Directions: Please make an exact copy of the lines from the one holding "BLACK & DECKER" through the end of the data, both ends included, with no pictures.

Supplied information:
◆ ◆ ◆ ◆ ◆ ◆ ◆

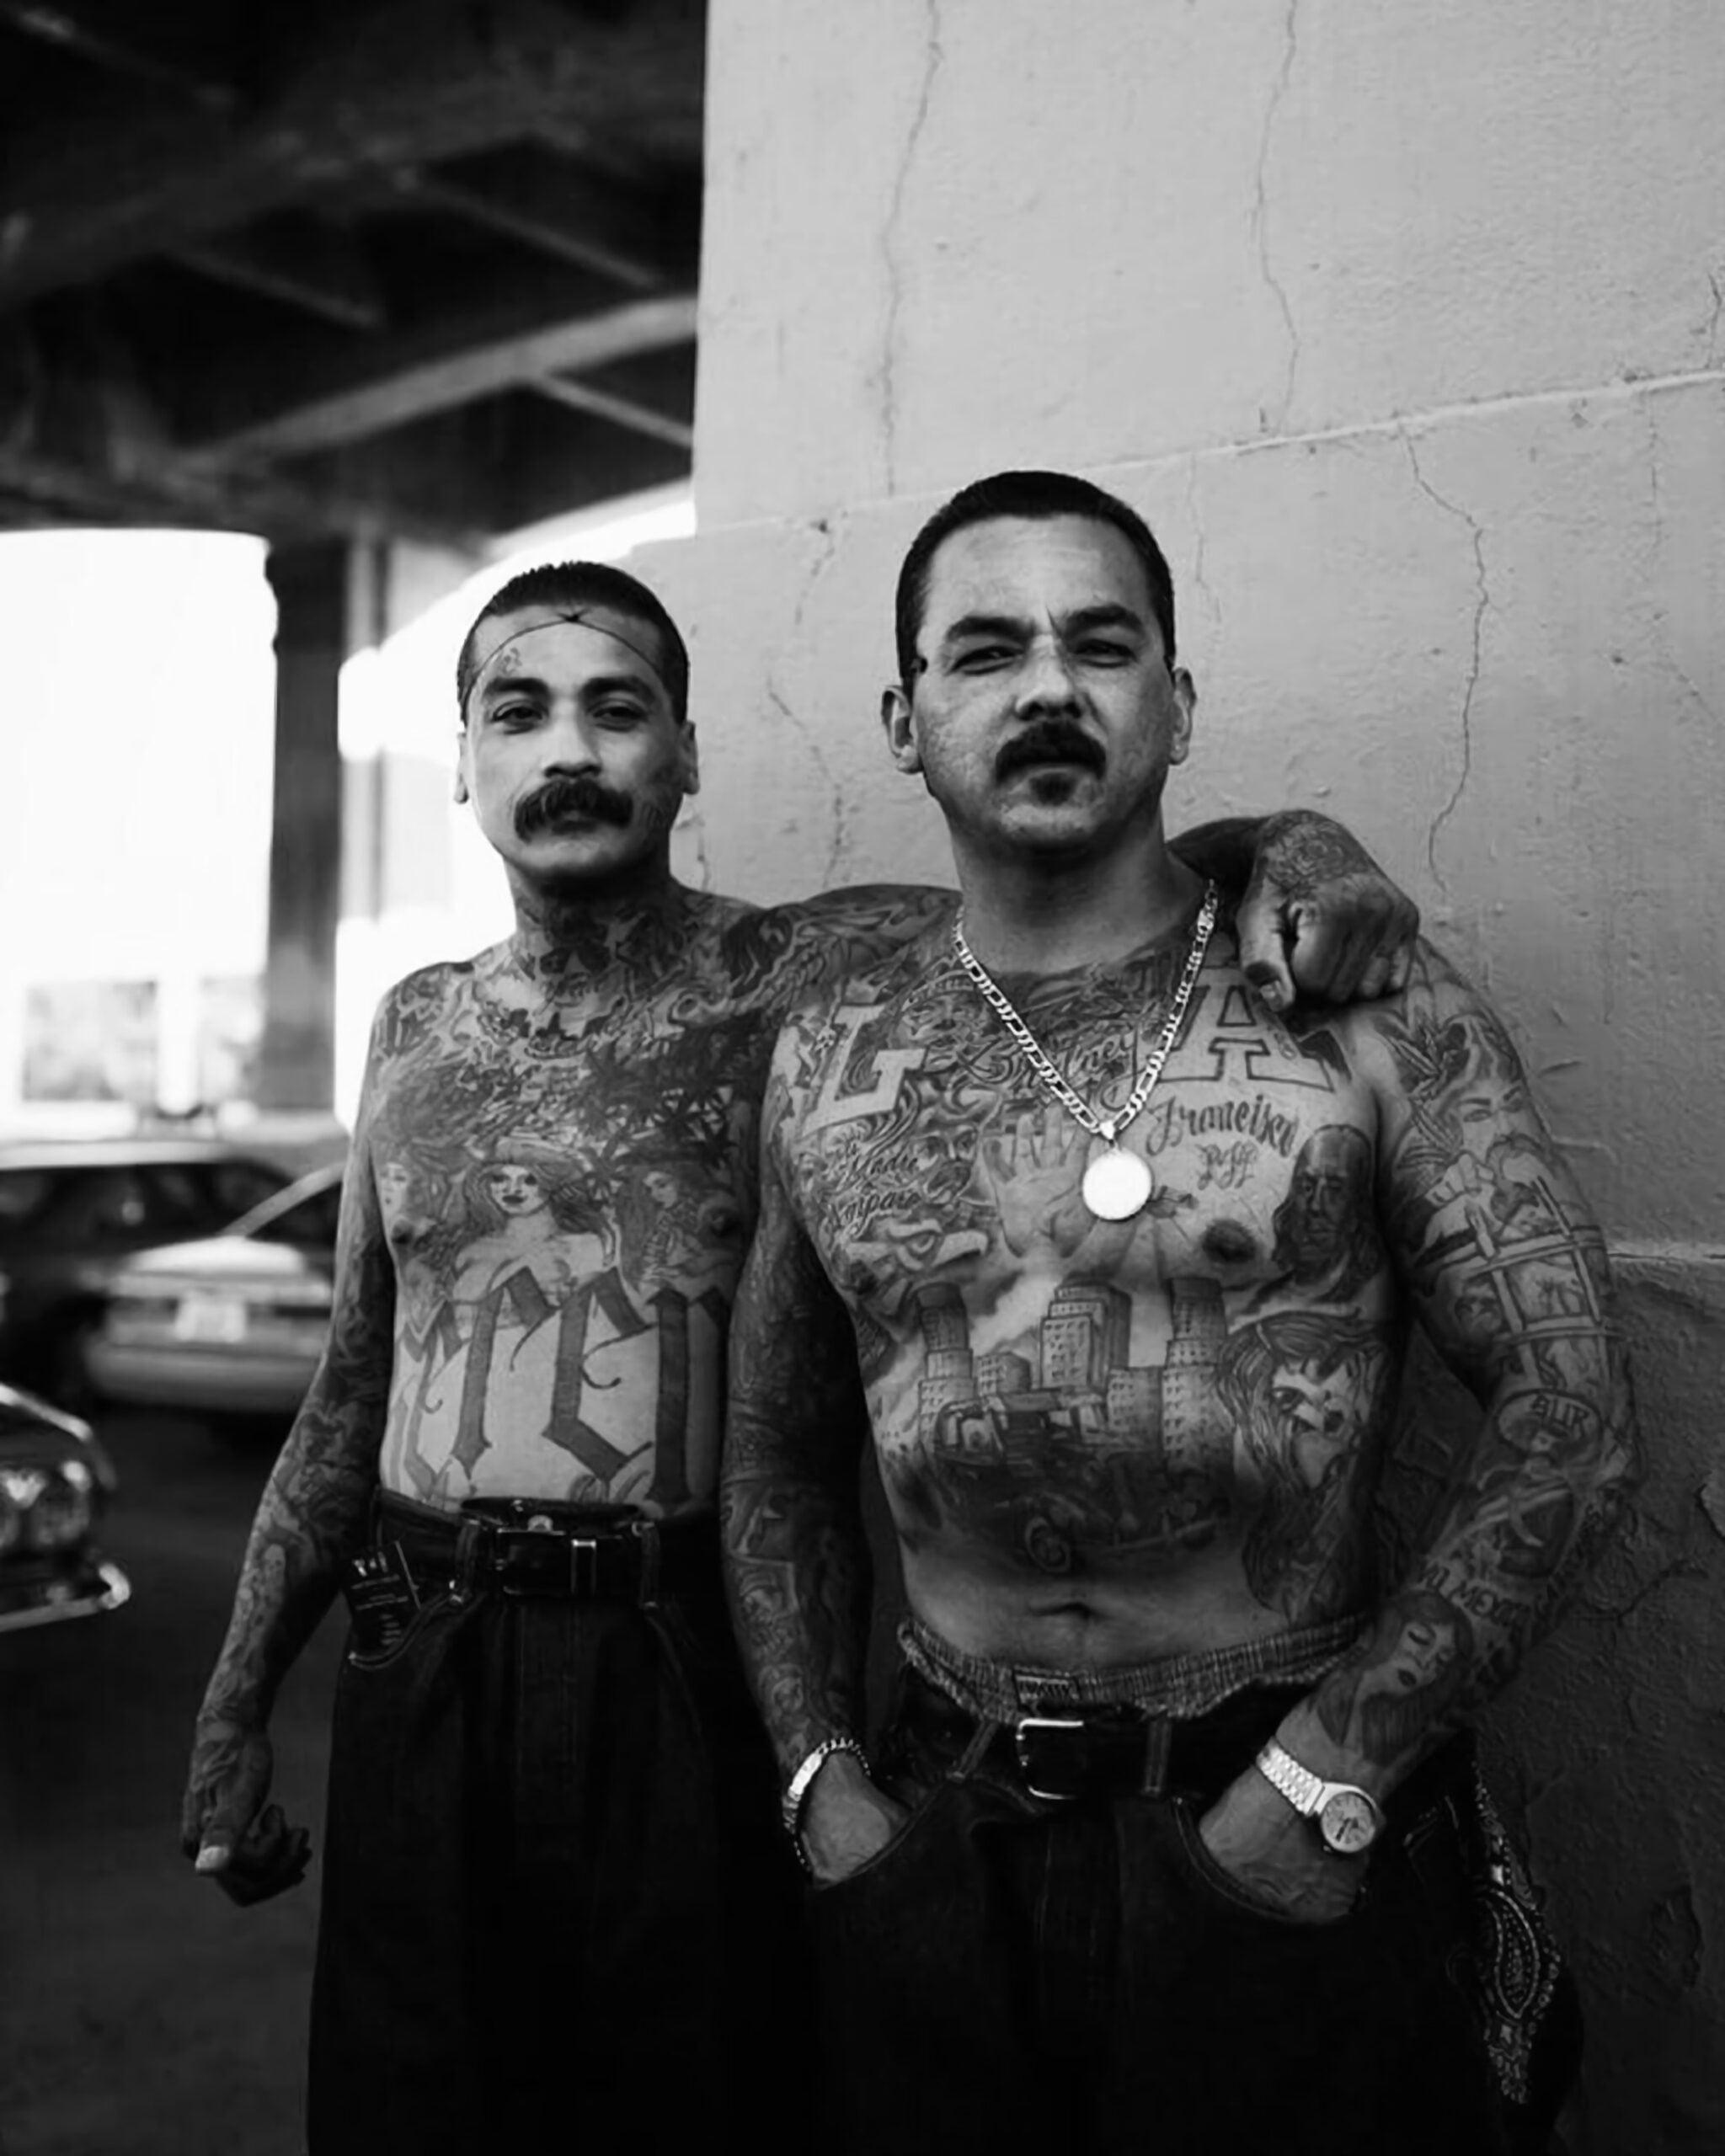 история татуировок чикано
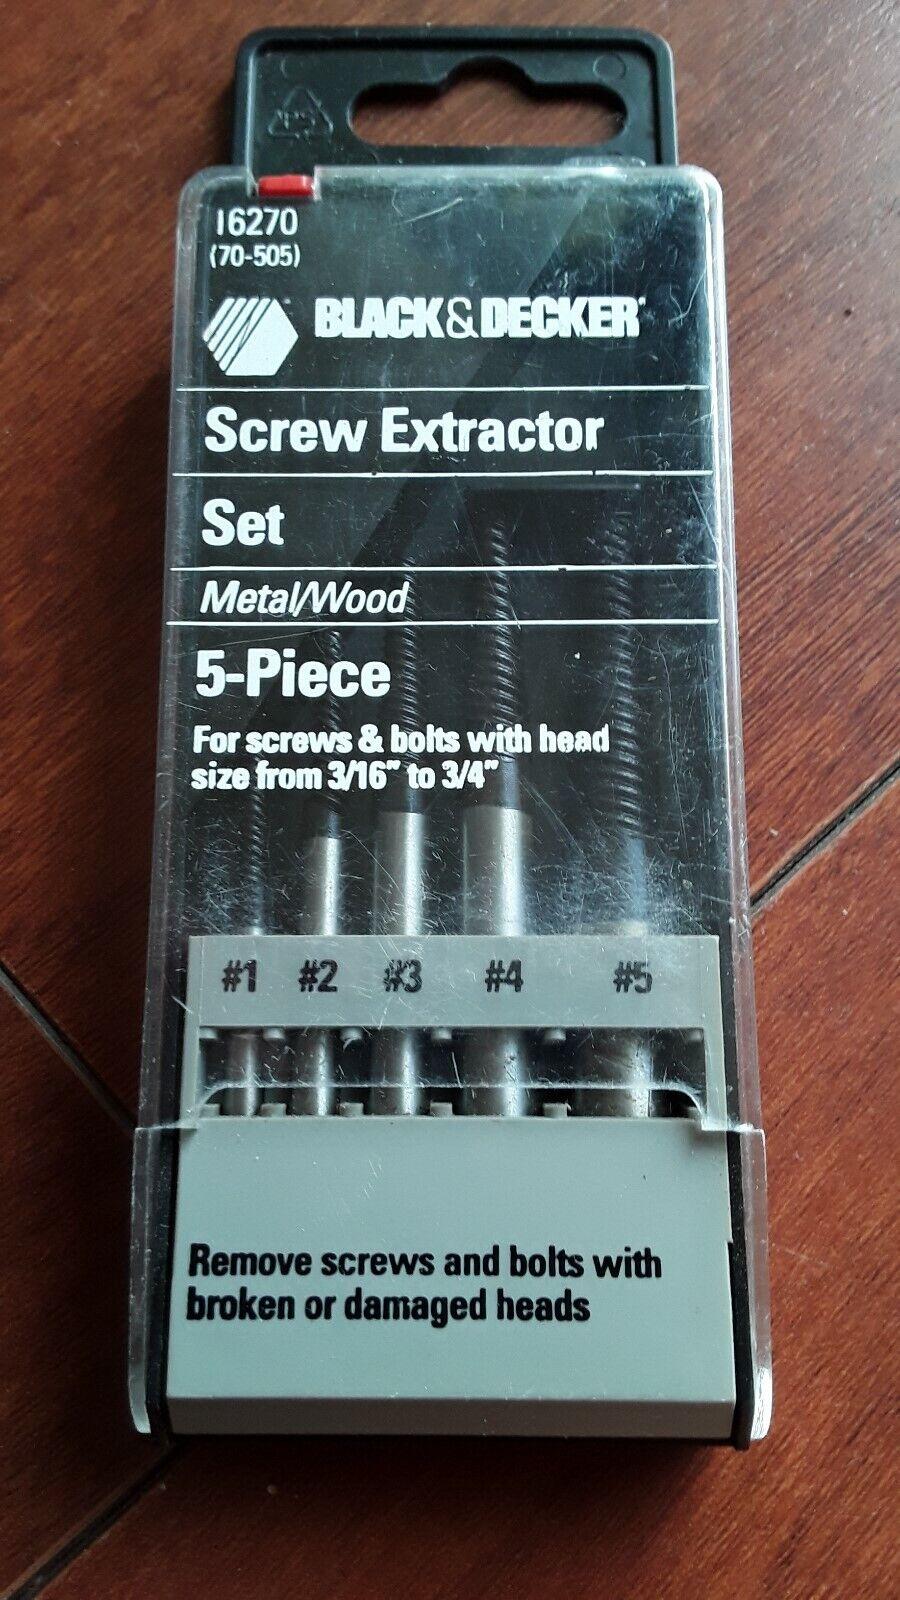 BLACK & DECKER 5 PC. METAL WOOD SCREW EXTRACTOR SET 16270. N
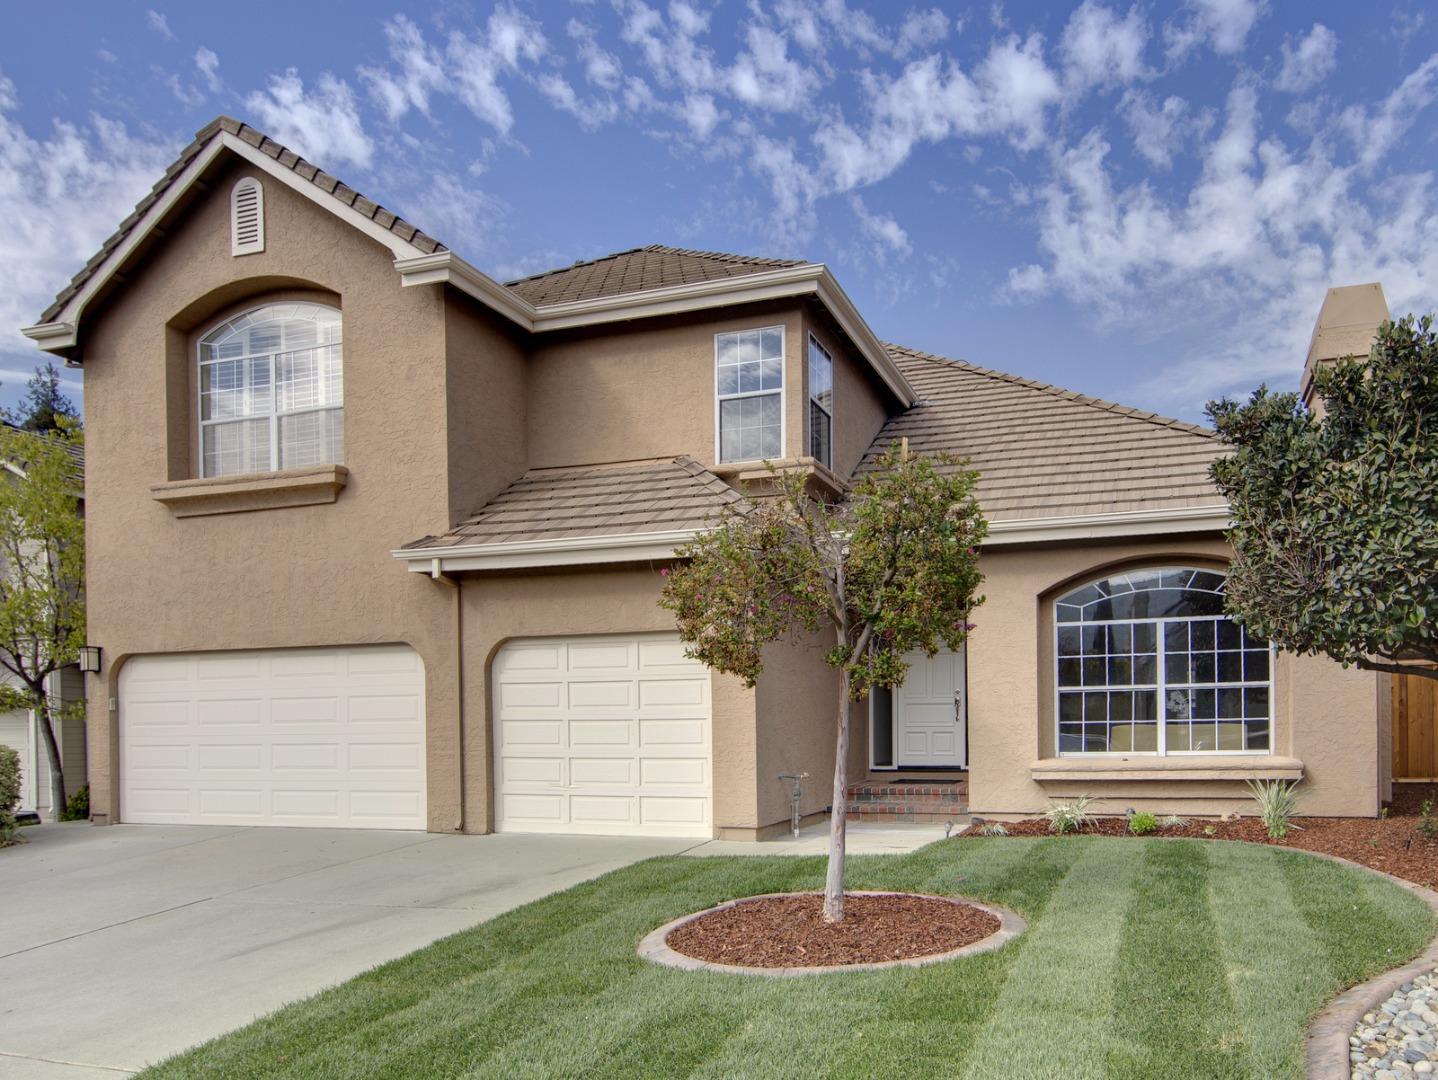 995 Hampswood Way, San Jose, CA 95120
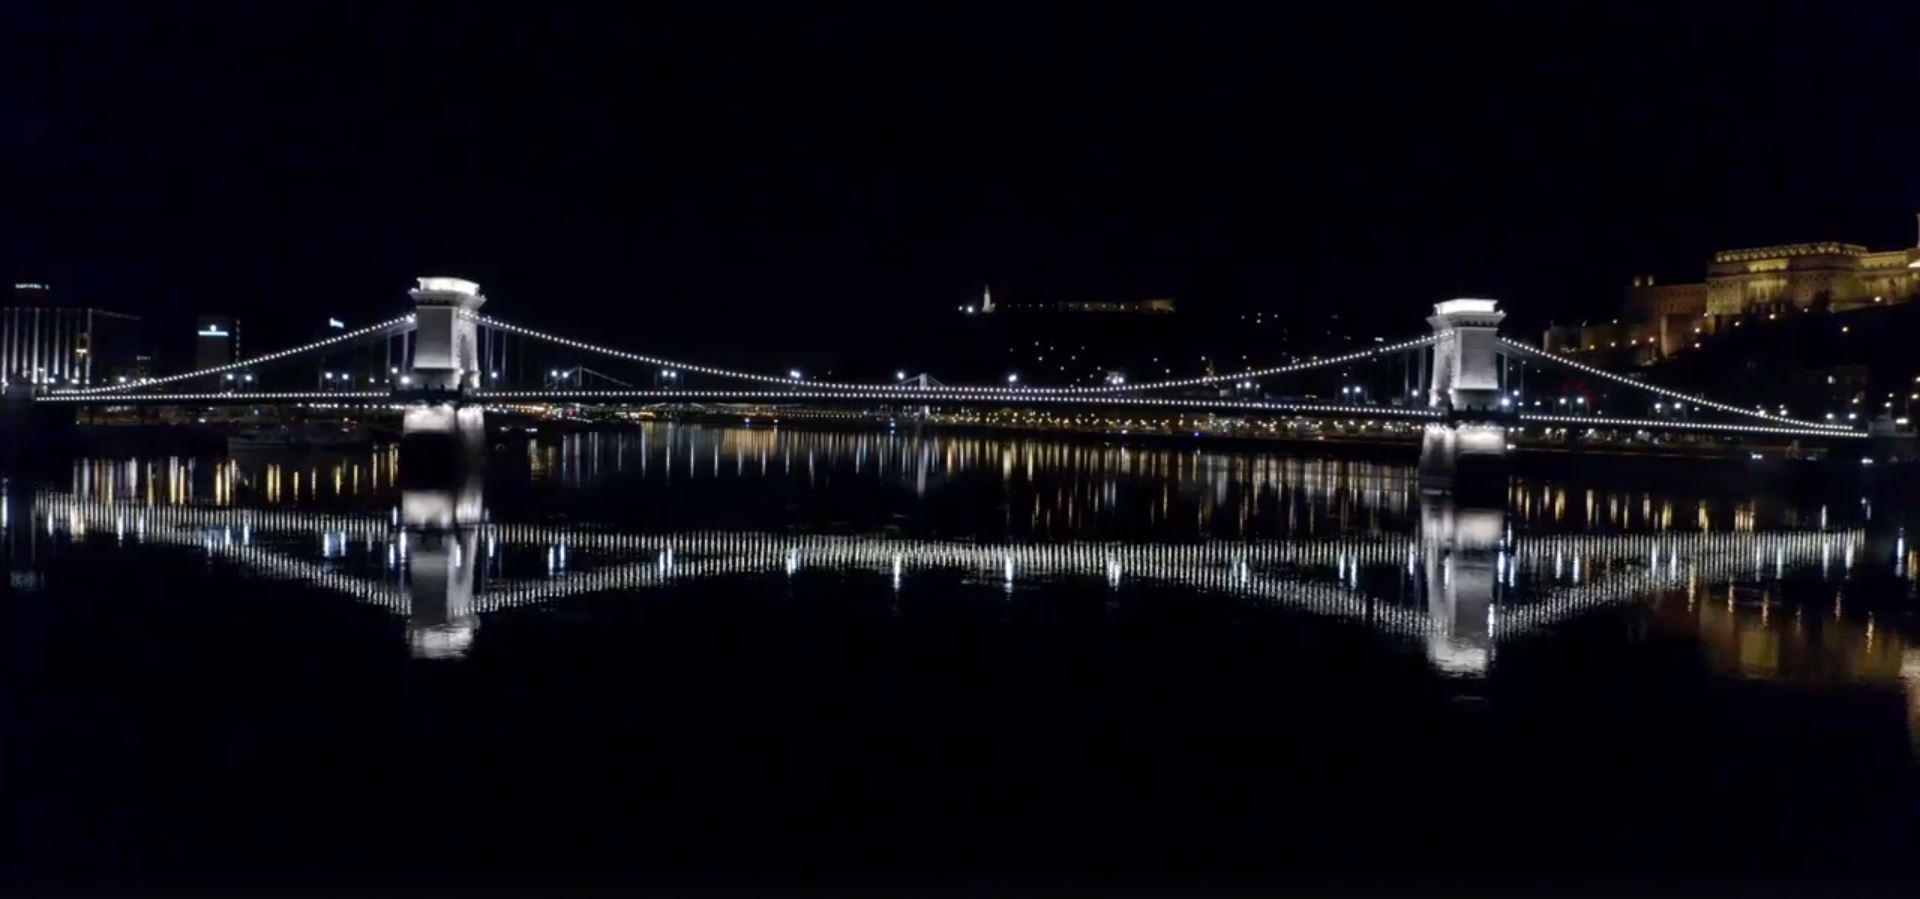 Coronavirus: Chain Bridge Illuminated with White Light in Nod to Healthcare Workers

◆ ◆ ◆ ◆ ◆ ◆ ◆

Written solution:
 BLACK & DECKER 5 PC. METAL WOOD SCREW EXTRACTOR SET 16270. N
 995 Hampswood Way, San Jose, CA 95120
 Coronavirus: Chain Bridge Illuminated with White Light in Nod to Healthcare Workers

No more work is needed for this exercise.